Share repurchases by companies in the S&P 500 index are expected to fall 44.3 percent to $87.9 billion during the second quarter to the lowest levels in three years, according to Standard & Poor’s.
Standard & Poor’s expects further drops in share repurchase activity in the third quarter, when the fallout from the credit crunch resulted in the most volatile market conditions since the bear market from 2000-2002.
“Buybacks entered a different stage during the second quarter, as uncertainty grew and commitment to significant cash outflows for purchases declined,” said Howard Silverblatt, senior index analyst at Standard & Poor’s in New York City.
In good times, buying back stock can be an important signal that management is confident about the future. But growing numbers of corporat executives have turned cautious about large cash expenditures for stock buybacks given the present economic clouds.
The financial sector, hit hard by the subprime mortgage crisis and the weakening housing market, accounted for only 6.6 percent of the stock repurchases during the second quarter, according to Standand & Poor’s.

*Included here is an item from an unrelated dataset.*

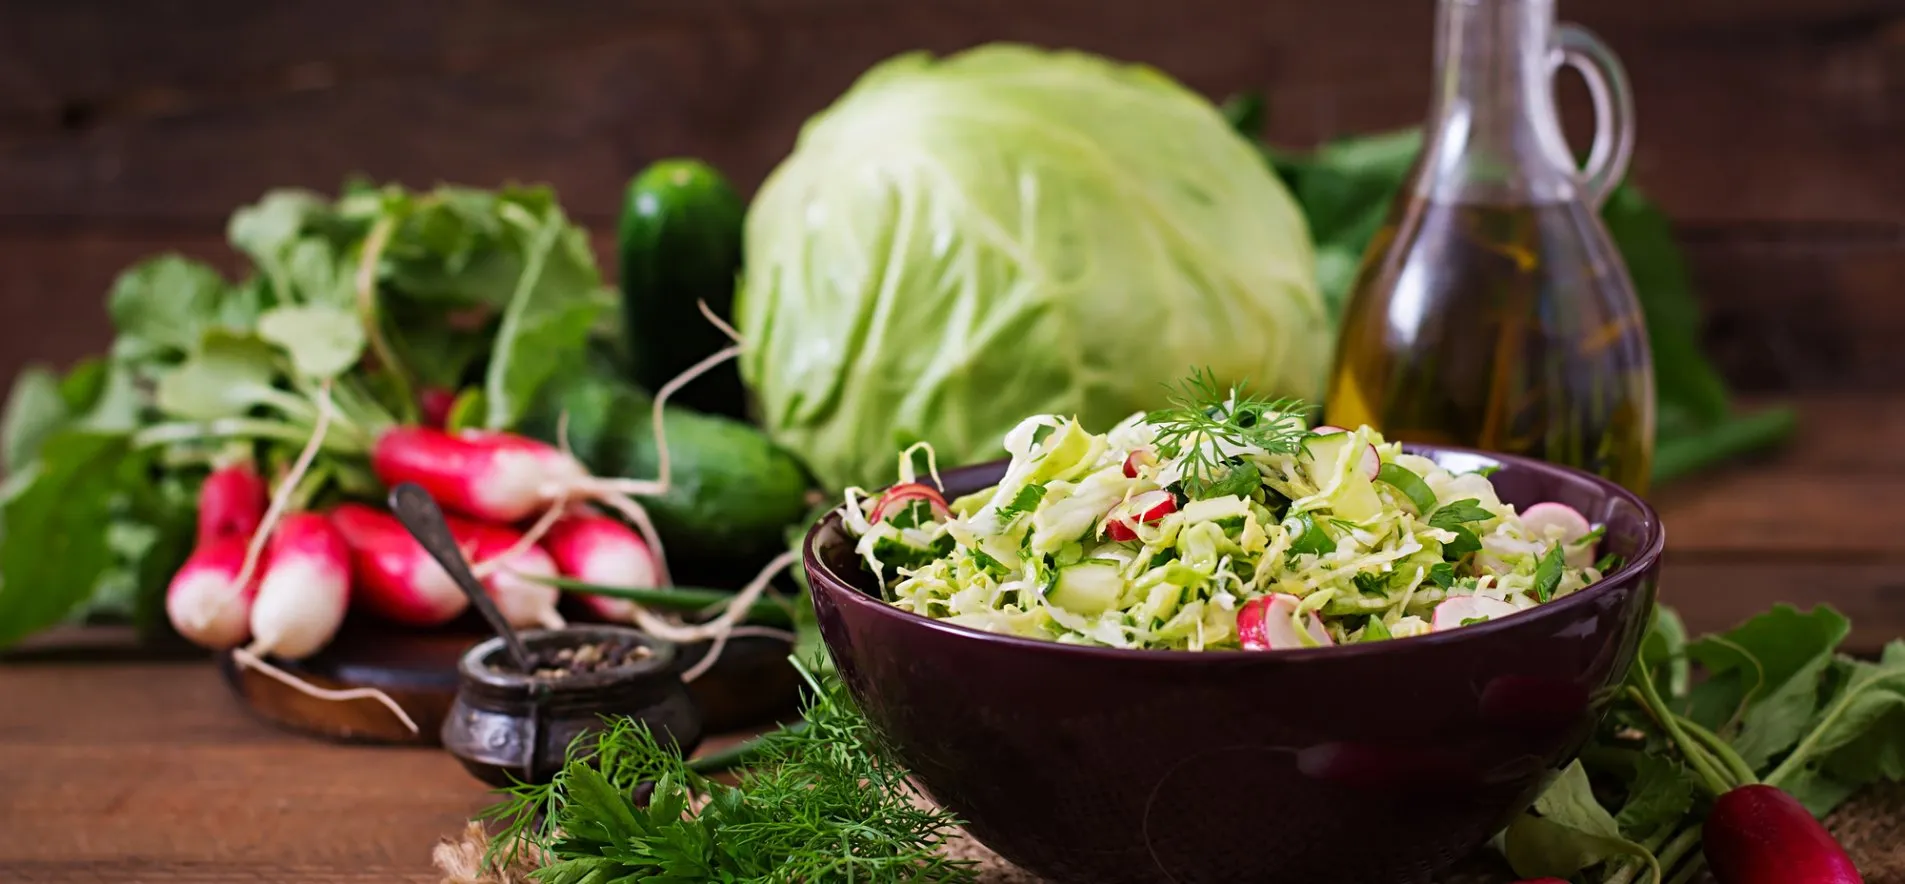 Ароматный и очень сочный: готовим салат Весенний из молодой капусты и редиса

Several major financial companies that have a major presence in the lower Hudson Valley, including Morgan Stanley, Citigroup and JPMorgan Chase & Co., have already suspended stock buyback programs, according to Bloomberg News.

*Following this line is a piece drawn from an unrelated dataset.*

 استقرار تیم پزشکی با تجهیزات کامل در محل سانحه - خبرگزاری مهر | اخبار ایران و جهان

Retailers such as Macy’s Inc. also have put share buybacks on hold as consumer spending slows in a weakening economy.
Information technology companies, however, have recently increased share repurchases and account for 26 percent of all buybacks, according to Standard & Poor’s. In February, the board of of Armonk-based IBM Corp. authorized an additional $15 billion to buy back shares of the company’s stock. Stock buybacks can boost a company’s earnings per share by reducing the number of shares outstanding.